Hong Kong Equity Investors Get That Sinking Feeling, Again

  • Hang Seng Index has fallen almost 10% from 2016 high
  • Rising money-market rates, slumping yuan curb investor demand

Hong Kong stocks are heading back into the doldrums.

For the first time in four months, the city’s benchmark equities gauge has fallen into the red for the year. The Hang Seng Index’s losses since its Sept. 9 high are approaching 10 percent, while the gauge is close to breaking below the closely-watched 200-day moving average. A separate momentum indicator has dropped to the lowest level since January’s rout.

The $4 trillion stock market, the world’s fourth largest, is losing ground as property developers tumble on rising borrowing costs, inflows from mainland investors dry up and a slumping yuan undermines investor confidence in Chinese assets.
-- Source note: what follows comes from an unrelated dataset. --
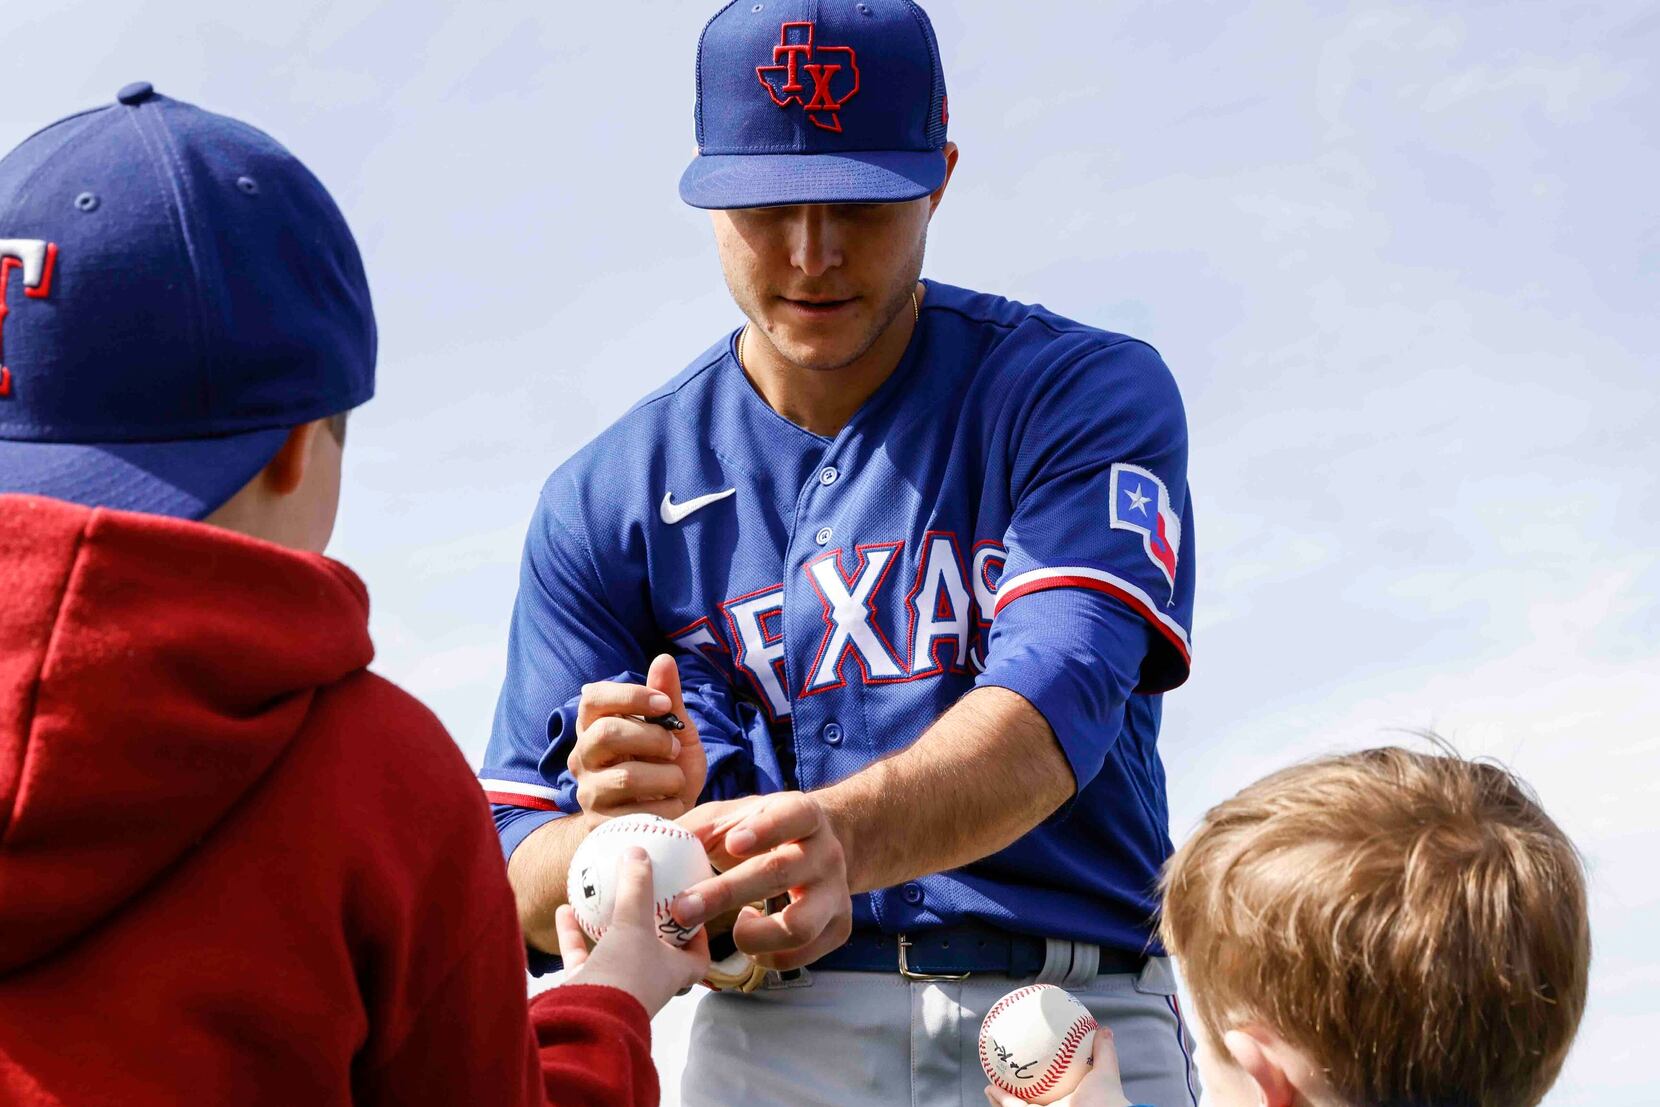 Fans show support for Miller, Rangers during autograph signing at

The retreat is also a blow to bulls who saw the previous quarter’s jump by the Hang Seng Index -- its biggest in seven years -- as the start of an extended rally after months of global underperformance.
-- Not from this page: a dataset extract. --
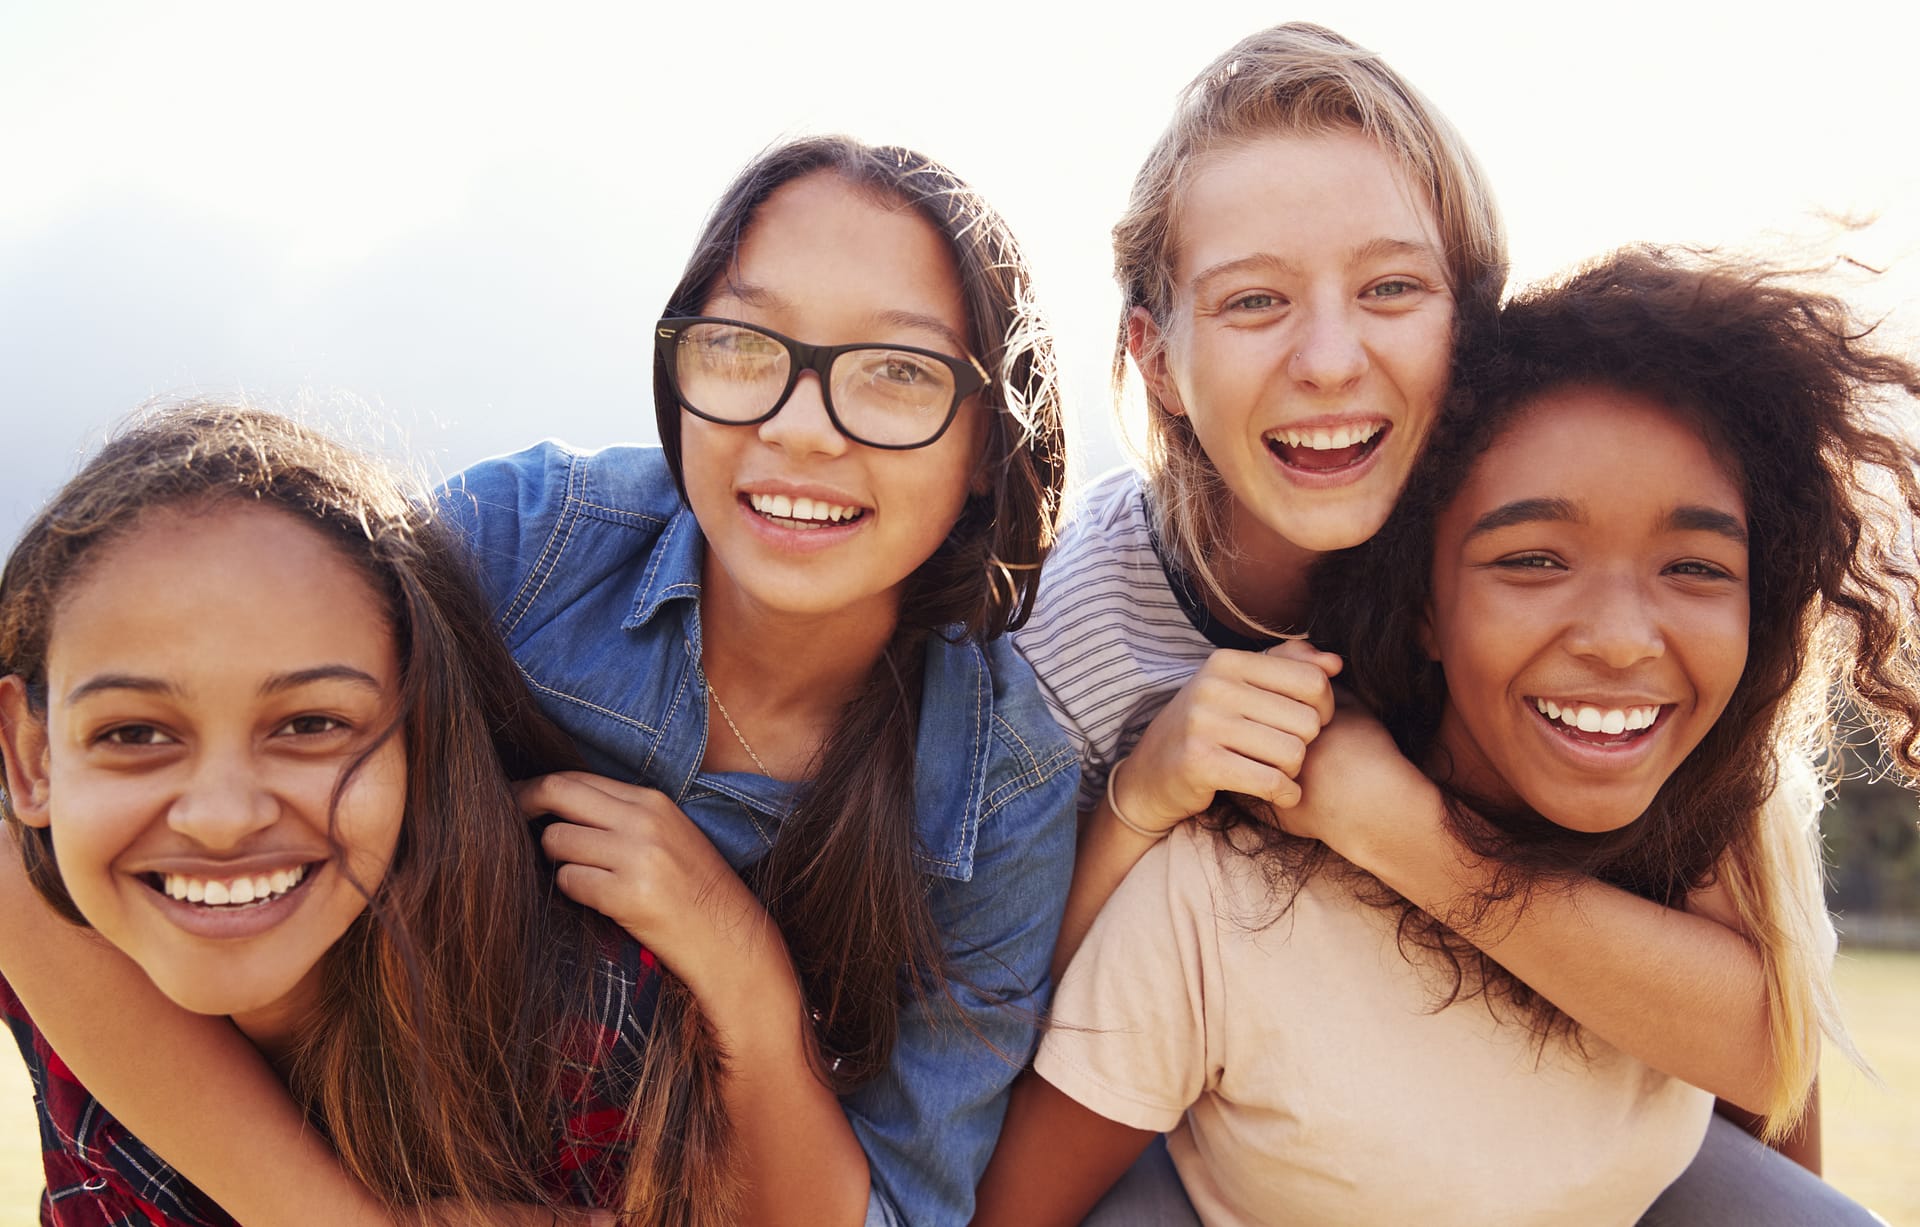 Women’s Counseling Center of Massachusetts provides professional counseling services for adolescents (ages 14-17).

As a world financial center with a currency pegged to the greenback and a stock index weighed down by Chinese state-owned companies, Hong Kong is being squeezed between resurgent U.S. growth and worries over the health of the mainland economy. While the Hang Seng Index increasingly looks like a bargain compared with its peers, a widening valuation gap hasn’t been a reliable trigger for gains in the past.
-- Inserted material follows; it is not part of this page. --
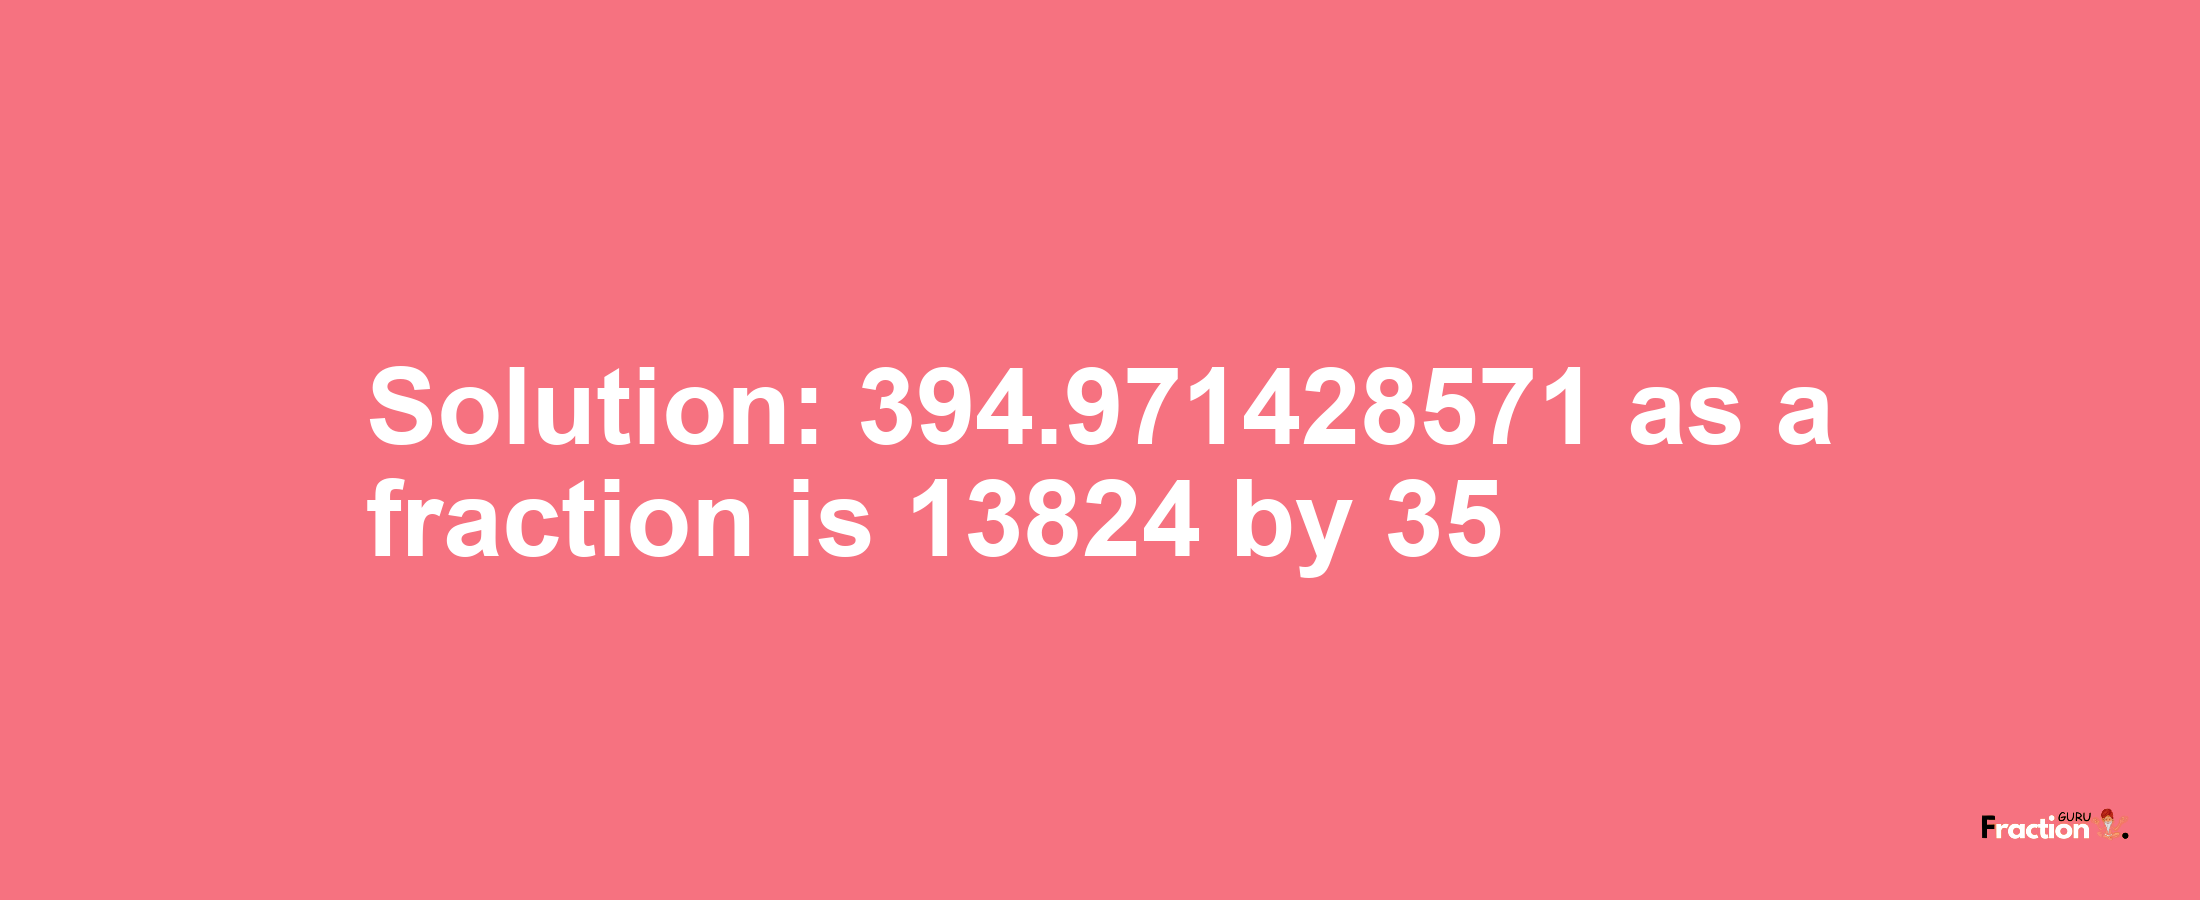 Solution:394.971428571 as a fraction is 13824/35

The benchmark gauge dropped 0.9 percent on Monday to its lowest level since Aug. 4.

Hong Kong stock investors will be feeling a sense of deja vu. In the past few years, the city’s shares have gone through bouts of euphoria followed by sharp slumps, making buying and holding a typically unsuccessful strategy. After jumping 12 percent last quarter, the Hang Seng Index has retreated 6.3 percent since the end of September -- the world’s worst performance outside of New Zealand, Ghana and the Philippines.